I wasn’t looking forward to this book. I had vague memories of reading it when I was a lot younger and of finding it so unutterably dull I could not even finish it.

(And I was a child into 19th and early 20th century fiction. I read Dickens, Hardy, Austen, Bronte, Woolf and all their ilk. I didn’t find them boring, only D H Lawrence! – so much so that I couldn’t even be bothered to read Lady Chatterley’s Lover when it came my way…)

What with that, and the hideosity of my last two BRP books (191 and 192) I was starting to lose heart, to lose faith in this whole venture.

Imagine my surprise, delight and deep satisfaction then, when I discovered Sons and Lovers to be absolutely the best novel I have read in ages. It was powerful, affecting and wonderful.

Gertrude Morel is a woman who, married to a brute who she loved passionately but now cannot stand, turns all her affections and aspirations to her children, particularly her two oldest sons. William, the elder, is her great pride but his downfall comes in the form of a glib lover who seems to leech his finest qualities out of him. Paul, her third and most faithful child and her second son, remains besotted with her and loyal to her to the end. But he too struggles with lovers. Miriam suffocates him with her tragic soulfulness, and cannot satisfy his zest for life. Clara cannot satisfy his soul. Will he ever find peace or happiness with a woman who is not his mother? Perhaps her love, her need to assert herself through her sons, and to live through them, has damaged them so that they cannot relate properly to other women. Or perhaps it is their overbearing, drunkard father who has scarred them and left them unable to face or even to imagine a happy, natural marriage.

Even from my new feminist viewpoint, the novel was interesting for lots of reasons. I will mention only one: Clara.

Clara enters the story as a scornful, rather superior woman, separated from her rather despicable husband. She is a women’s rights activist and is called by one of the characters a “man-hater”. Yet she is portrayed sympathetically, as a human being, as someone bitterly hurt and miserable. She is not merely a defective woman.

And yet from her relationship with Paul she learns that men are “not the small egoists she had imagined”. She learns to love, and not to hate. She learns that she has learned enough, with her feministing ways, and that what she really needs in the end to make her happy is a committed, successful relationship with a man. She is brought back to conventionality.

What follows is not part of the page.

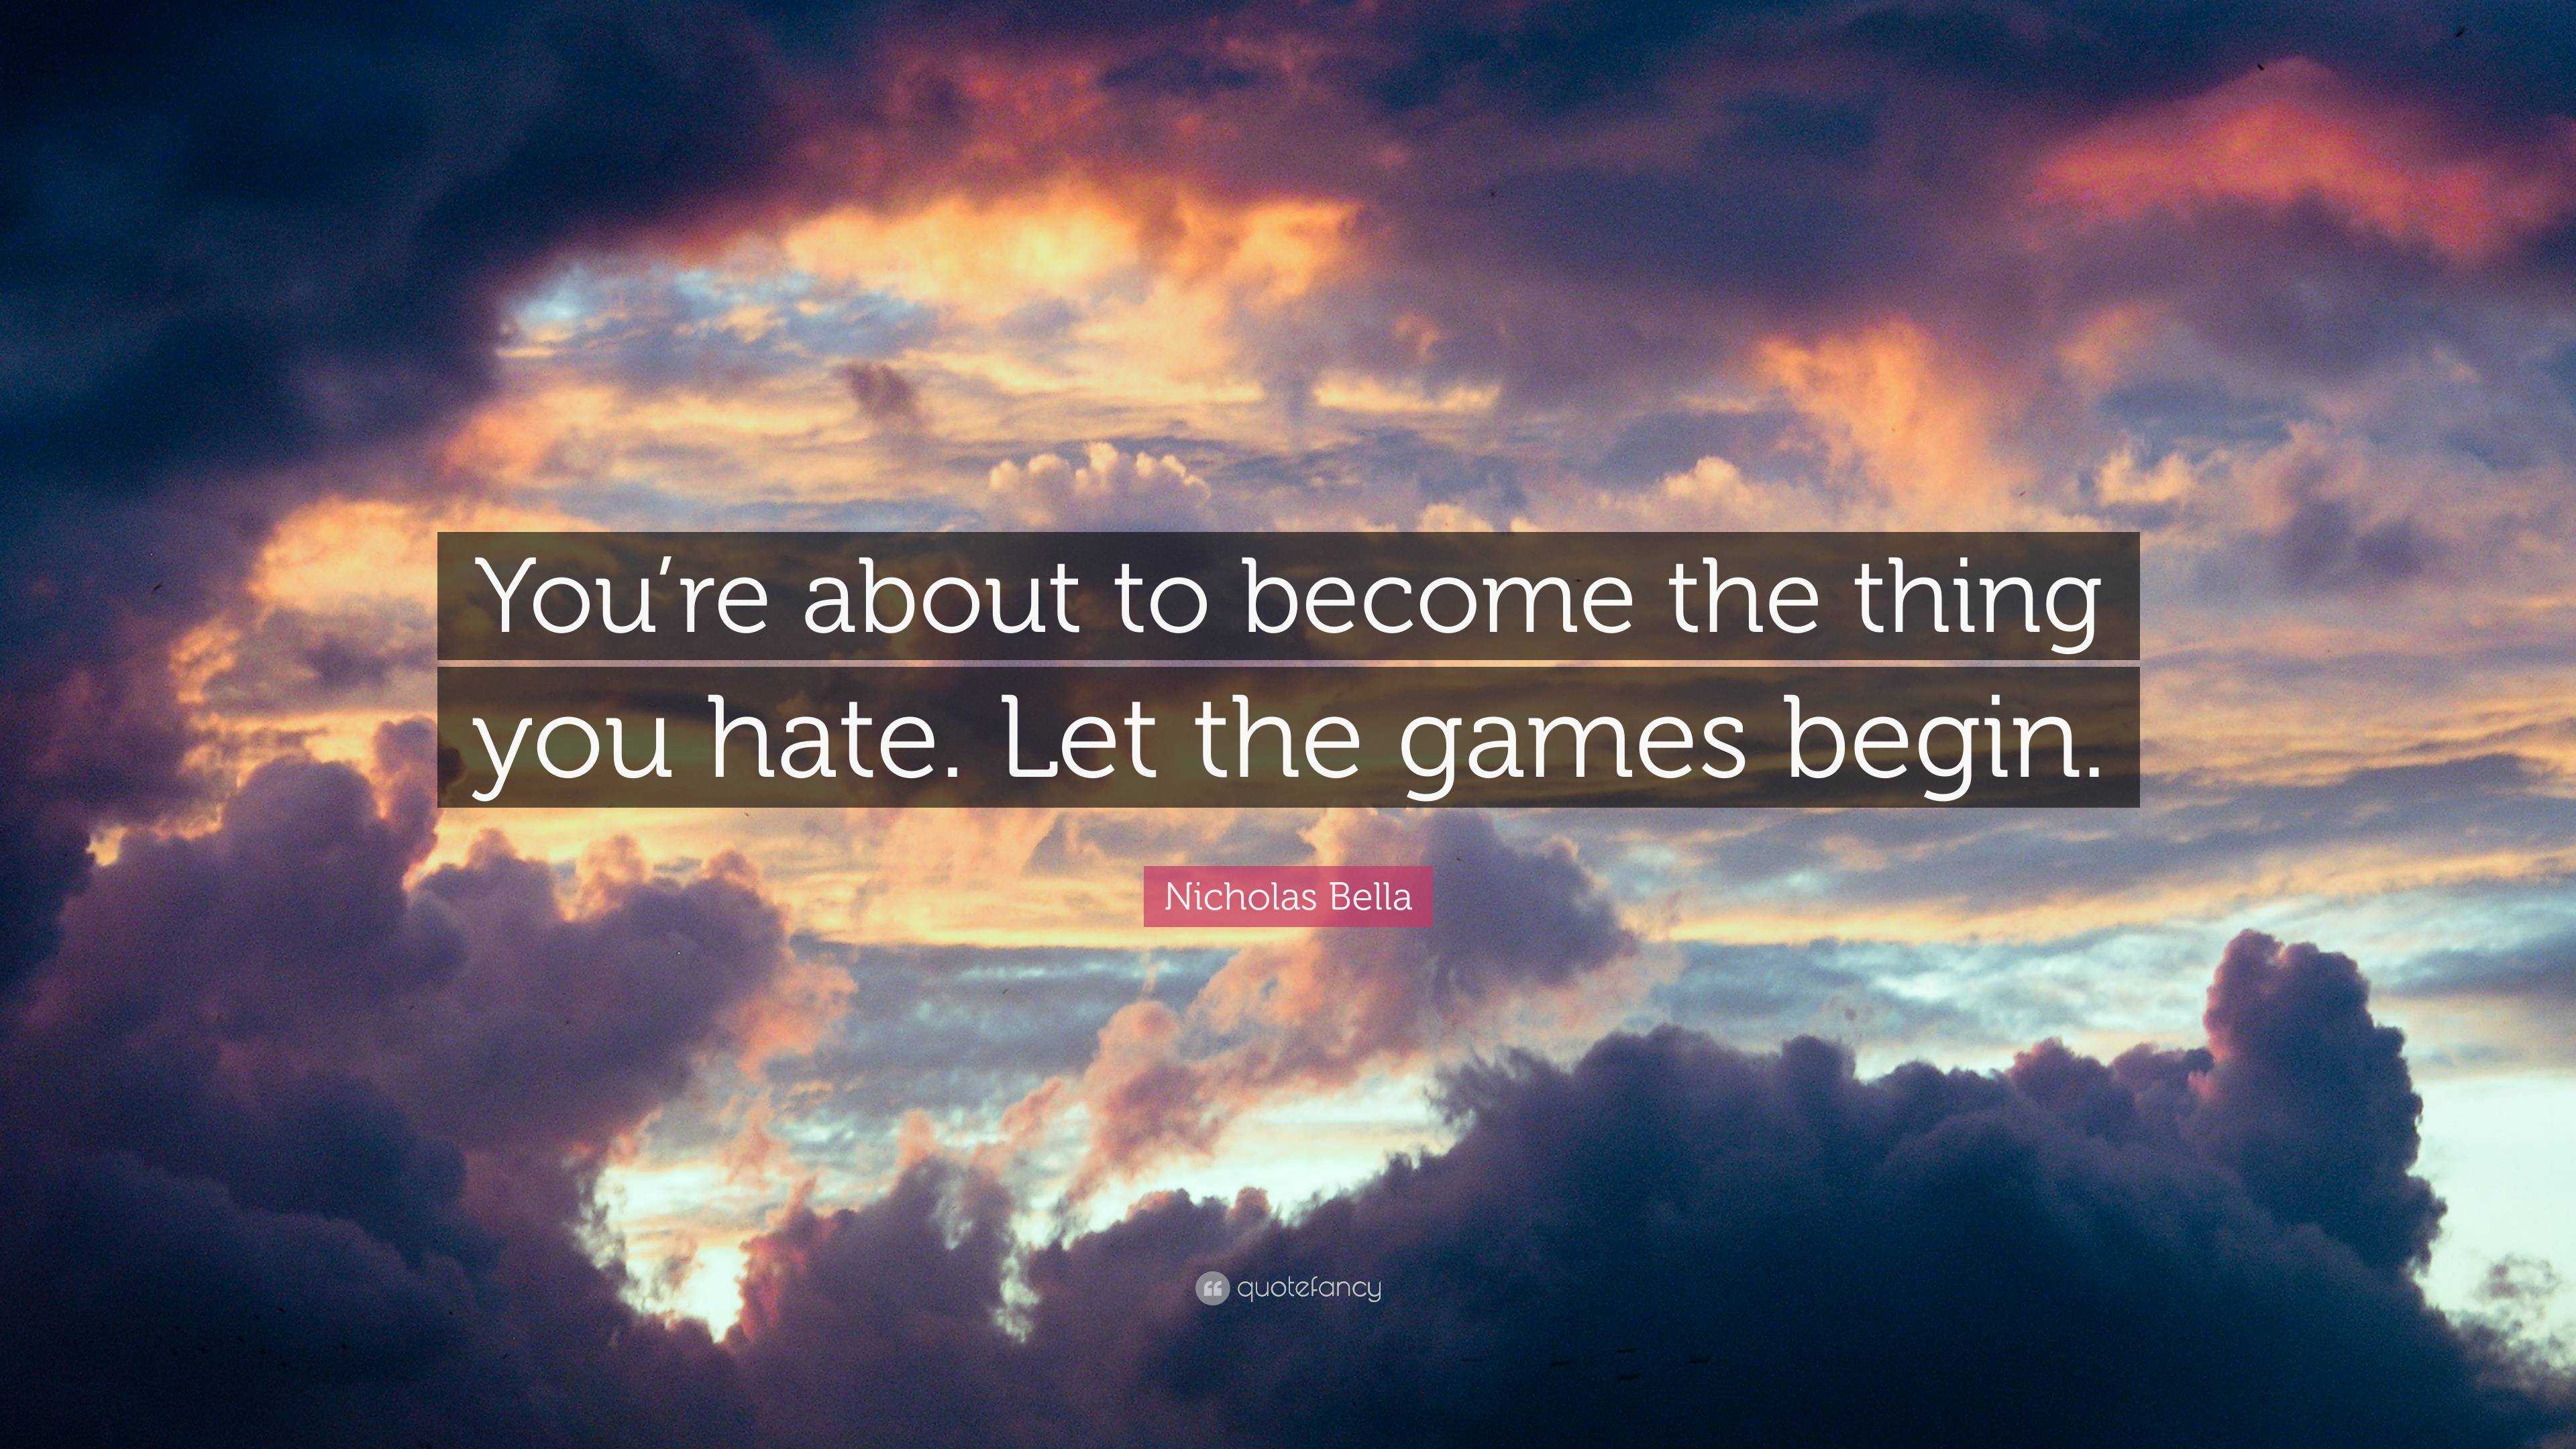 Nicholas Bella Quote: “You're about to become the thing you hate. Let the games  begin.”

So – was her appearance in the novel an opportunity to portray a radical feminist activist sympathetically, as a human being? Or was her ultimate return to the fold of conventional femininity merely a reminder that what women’s rights activists really need is to mend their ways in the loving arms of a good man? As usual, with this novel, it is complicated and I am left feeling that not only am I a bit hazy on answers, I’m not too sure on the questions either.

One to read again, I think. I loved it!

Here’s an Amazon link.
I read a library copy, but no doubt one of my own will find its way onto my bookshelves some day soon.